Another concern is the different scope of consolidation for sustainability reporting compared to financial reporting. Under the draft bill, subsidiaries that are not financially significant and are excluded from the consolidated financial report must still be included in the sustainability report if they are deemed material from a sustainability perspective. To avoid inconsistent information and misleading conclusions, critics argue that the scope of sustainability reporting should align with financial reporting.

Finally, many stakeholders call for a stronger integration of sustainability and financial reporting in the final CSRD Implementation Act. This demand is reinforced by calls for more cross-referencing options and criticism of the exemption from reporting non-financial performance indicators.

We would like to inform you that, due to the draft bill (RefE), the reporting process for the Supply Chain Due Diligence Act (LkSG) has now been paused, and the reporting obligation has been temporarily suspended to prevent companies from having to submit duplicate reports.

Conclusion

The CSRD implementation in Germany is accompanied by the adoption of laws, regulations, and other legal instruments at the national level.

These laws specify the provisions of the EU directive and integrate them into the existing national legal system. Unlike the EU directive, the national laws and regulations resulting from the implementation are directly applicable in each respective country. Companies and individuals are required to comply with these national regulations. Given that the rules and guidelines at the EU level are already highly complex, it is important that this complexity is not further increased for companies based in Germany.

With the CSRD Implementation Act, which includes significant amendments to the German Commercial Code (HGB), companies will be required to expand their reporting on environmental, social, and governance (ESG) aspects. This not only requires an adjustment to reporting processes but also presents an opportunity to sustainably strengthen the company’s image and strategically position itself better.

It is clear that the Corporate Sustainability Reporting Directive (CSRD) is far more than just a bureaucratic hurdle, and medium-sized companies should view the CSRD reporting obligation as an opportunity to prepare for the future and improve their market position. Learn more in another article about how to get started with integrating sustainability into your company.

There may be differences in implementation across individual EU member states, as national-specific needs are taken into account when transposing the directive into national law.

FAQ
What is the CSRD, and how is it being implemented in Germany?

The Corporate Sustainability Reporting Directive (CSRD) expands the EU requirements for non-financial reporting and aims for a more comprehensive disclosure of environmental, social, and governance (ESG) aspects. In Germany, the CSRD is transposed into national law through the CSRD Implementation Act, which introduces significant amendments to the German Commercial Code (HGB).

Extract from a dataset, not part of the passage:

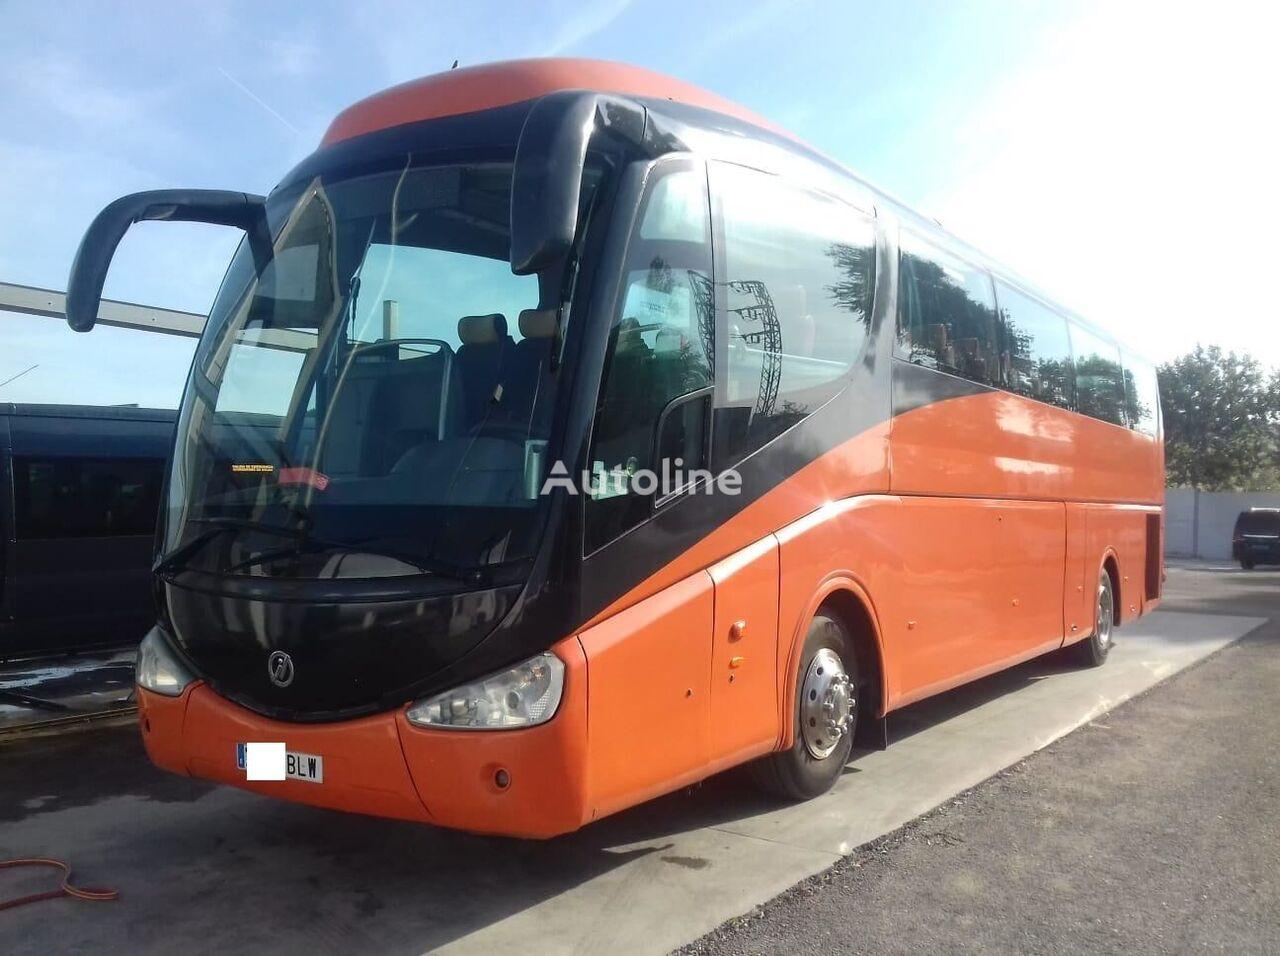 IVECO IRIZAR PB ALTO +57 PLAZAS +   460000km REALES coach bus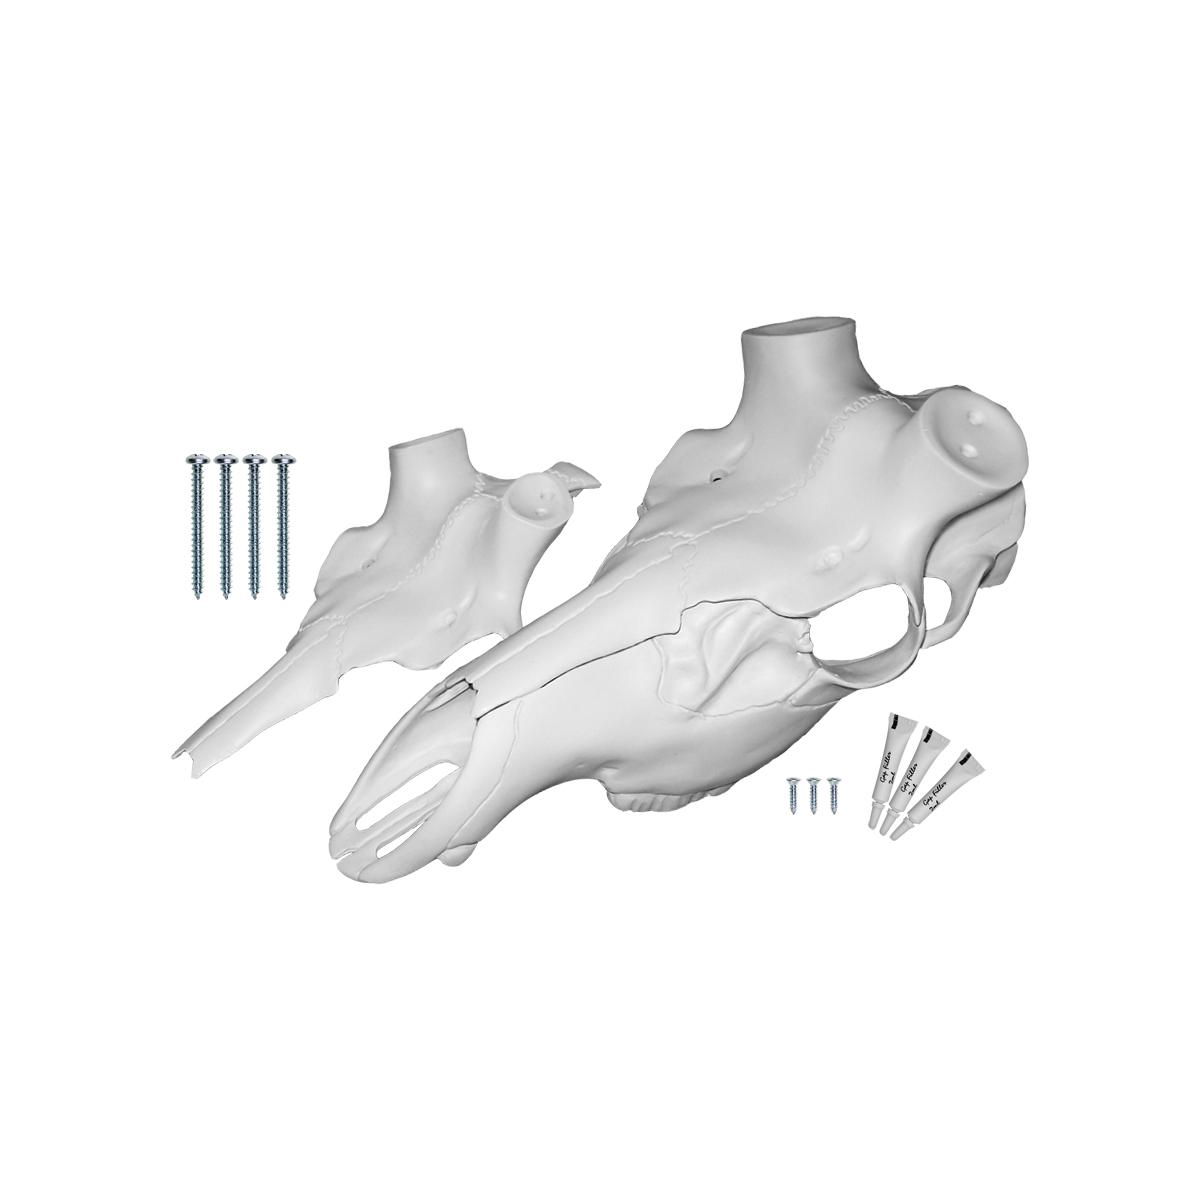 Skull Master Kit European Deer Antler Attachment Mounting Universal Wall Decor

What requirements does the CSRD impose on companies in Germany?

Companies in Germany will soon be required to disclose not only their financial performance but also their environmental and social impact in detail. They must comply with the European Sustainability Reporting Standards (ESRS) and conduct a materiality analysis to identify and prioritize relevant sustainability topics.

What opportunities and challenges does the CSRD implementation present for companies?

The CSRD introduces additional administrative effort for companies but also presents an opportunity to gain a competitive advantage and enhance their corporate image through improved sustainability practices. Companies must adapt and expand their reporting processes to meet the new requirements and position themselves for the future.

Are there differences in the implementation of the CSRD across EU member states?

Yes, differences may arise, as the transposition into national law takes into account country-specific needs. However, the national laws and regulations resulting from the CSRD implementation are directly applicable within each country, and companies are required to comply with these national provisions.